During the process that we tried to program the Viruguard to make it distinguish the normal cells and malignant cells we mainly focused the content in the cytoplasm including protein, cytokine and miRNA. We first tried to use protein and cytokine to help because of their essential role in regulating cell function. However, we realized that this could hardly be feasible, because only the genome of virus will enter into the cell to function. Thus, it would be difficult for endogenous protein to interact with it. With further brainstorming, we realised that there was a number of miRNAs existing in the cytoplasm, which also showed discrepancy in expression between the normal and the tumor cell. With further study we found that the miRNA could bind to its complementary sequence in certain parts, which had the potential to control the level of protein expression.

Design 2: How could we exploit it?

We hoped that our products would only grow 'healthily' in cancer cells while in normal cells, they were incapable to proliferate, so we tried to use the difference of miRNA expression in the cytoplasm to control it. From a database, we chose some differently expressed miRNAs:199a 195 22 and inserted their complementary sequences into the 3' UTR of the virus E1A gene, which is essential for the survival and multiplication of the virus. This design allowed the virus to act differently in these two types of cells, and that was how Viruguard played the role of "Viru" and "Guard" specifically.

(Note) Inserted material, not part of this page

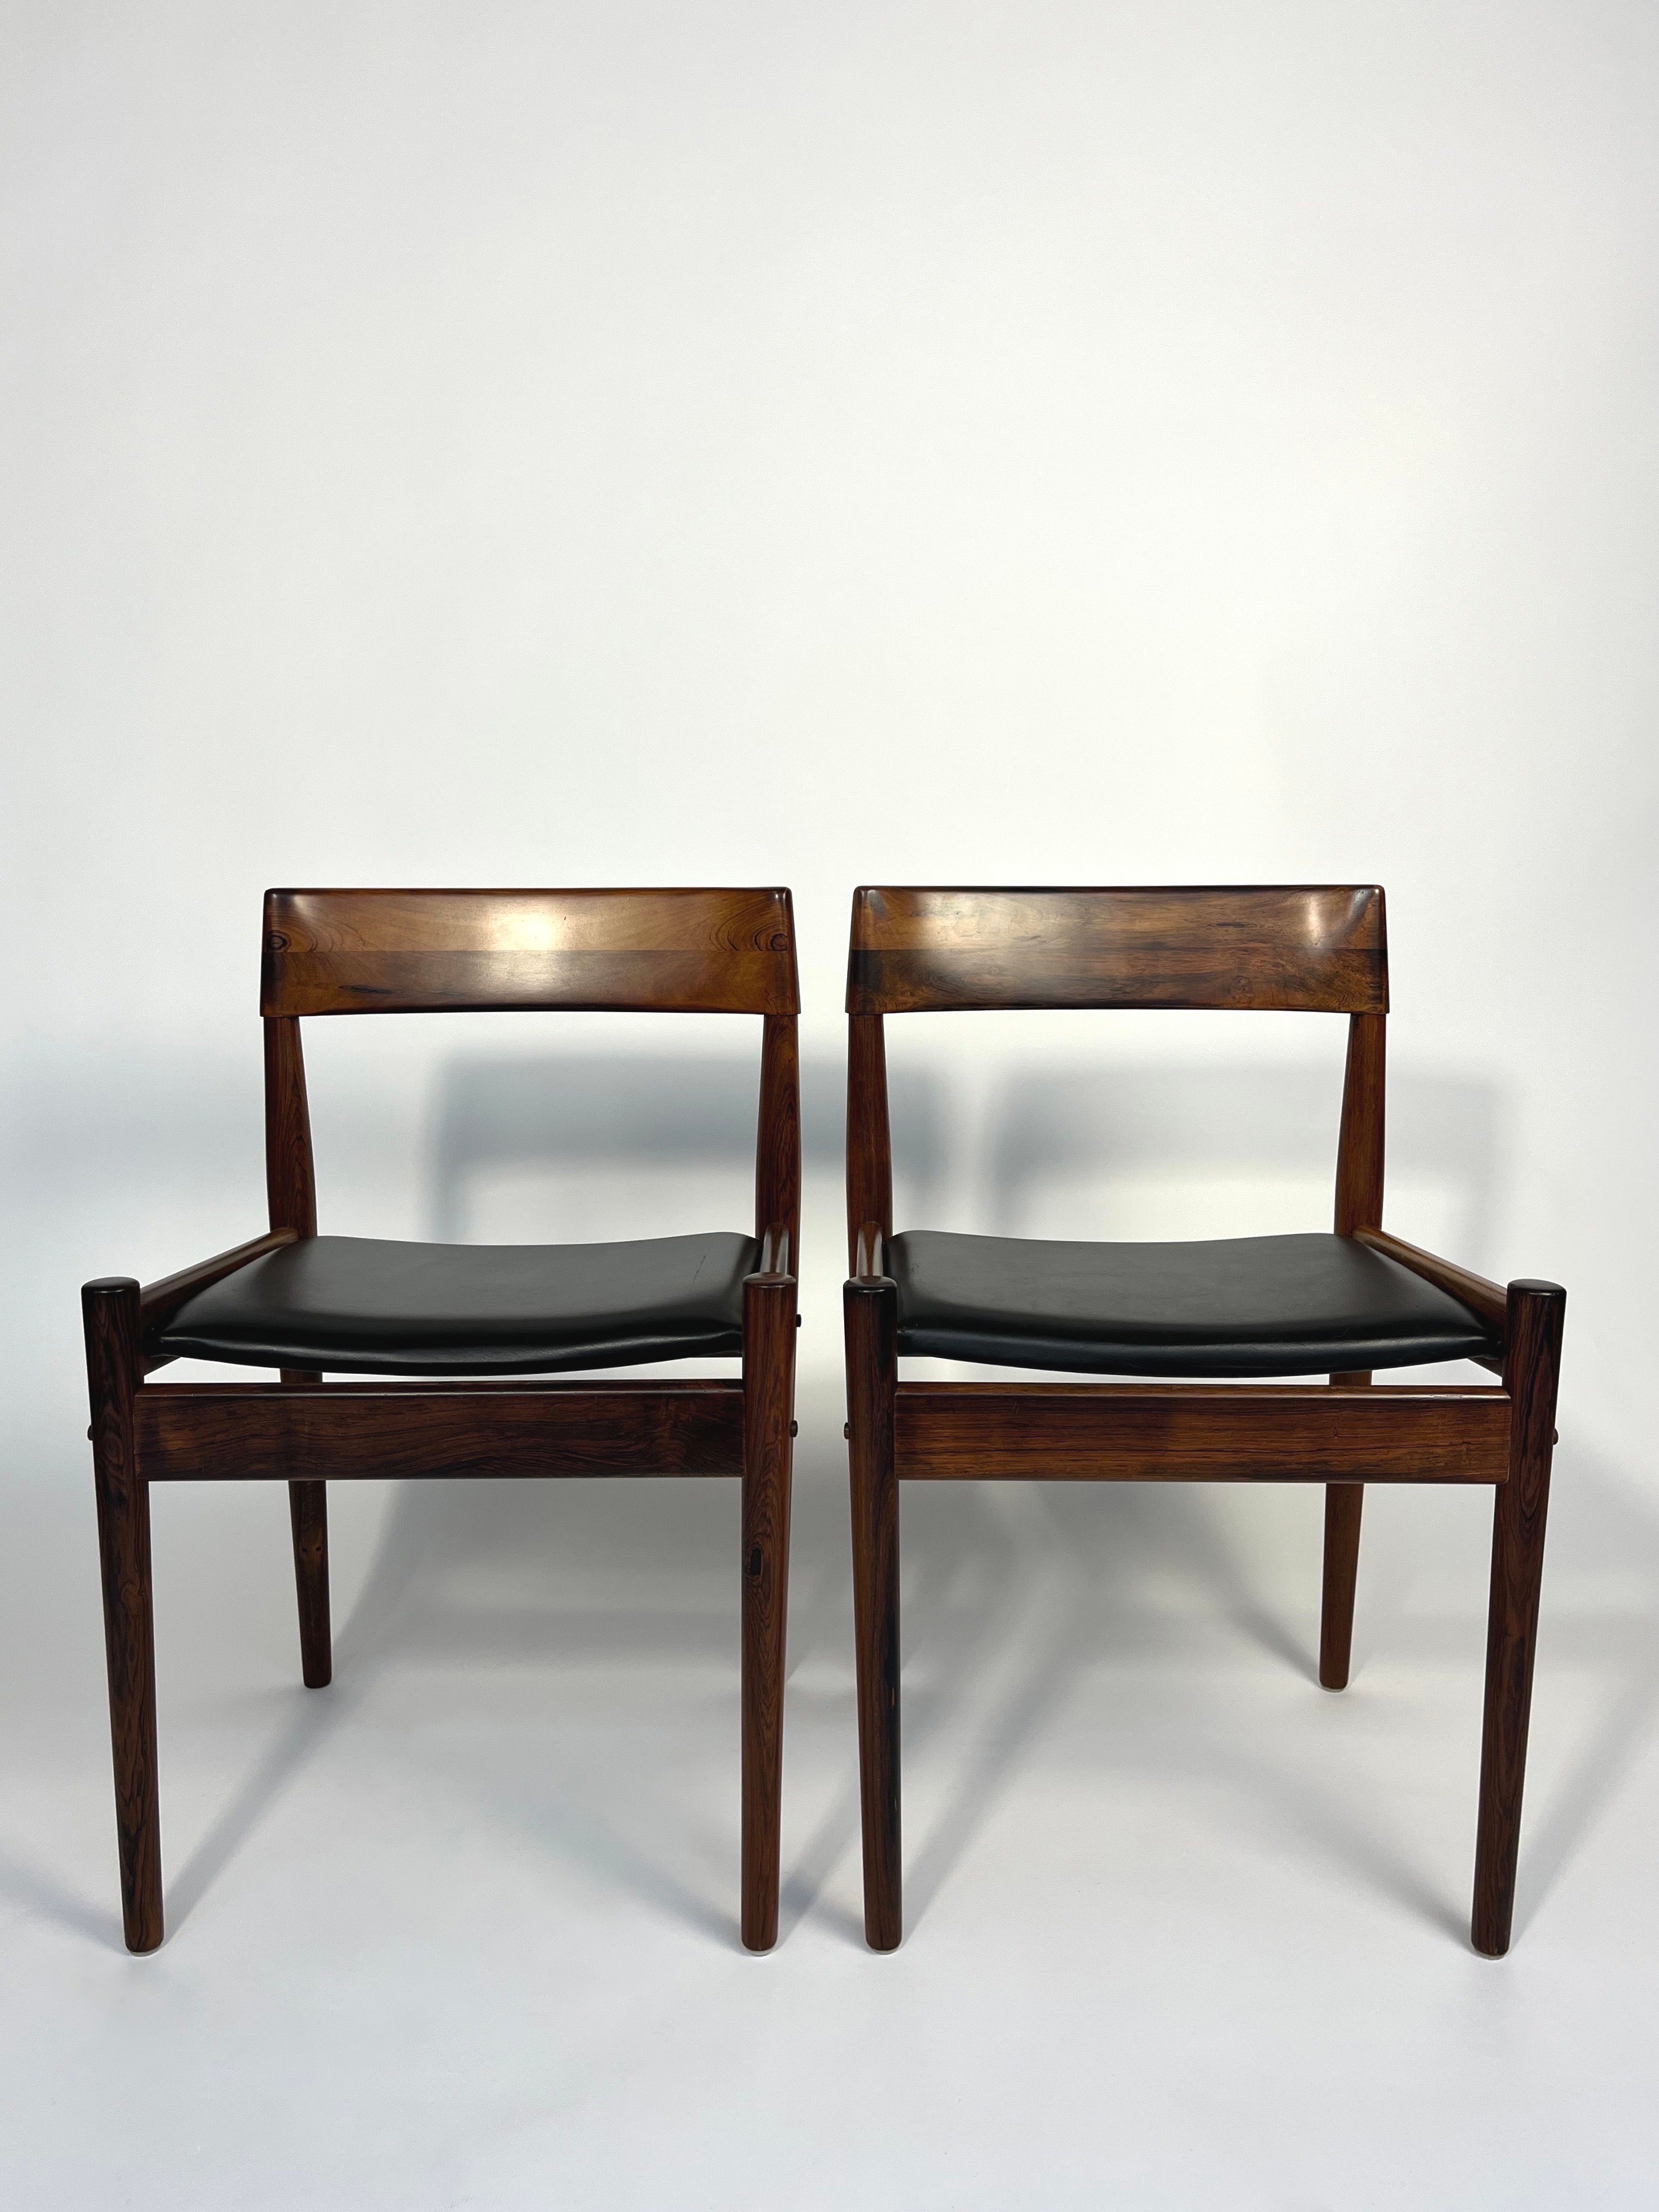 Ensemble de deux magnifiques chaises de salle à manger conçues par Grete Jalk pour P. Jeppesen. Modèle n° PJ4-2, fabriqué au Danemark au début des années 1960.

Cadre en palissandre massif au grain magnifique, laqué. Rembourré en cuir noir.

Fig.3 The different expression level of specific types of miRNA in normal and tumor cell lines.

Build 2: How can we build it?

We designed the suicide switch by inserting the complementary sequence of miRNA 199a,195 and 22 into the 3' UTR of the virus E1A gene. This design gave normal cells a weapon to escape the possible virulence from our product. E1A is an essential gene for virus proliferation. The combination between the free miRNAs and their complementary sequence in 3'UTR of the E1A would lead to its silence. And meanwhile, in tumor cells, due to the lower expression of those miRNAs, little effect will be put to viral viability and spread.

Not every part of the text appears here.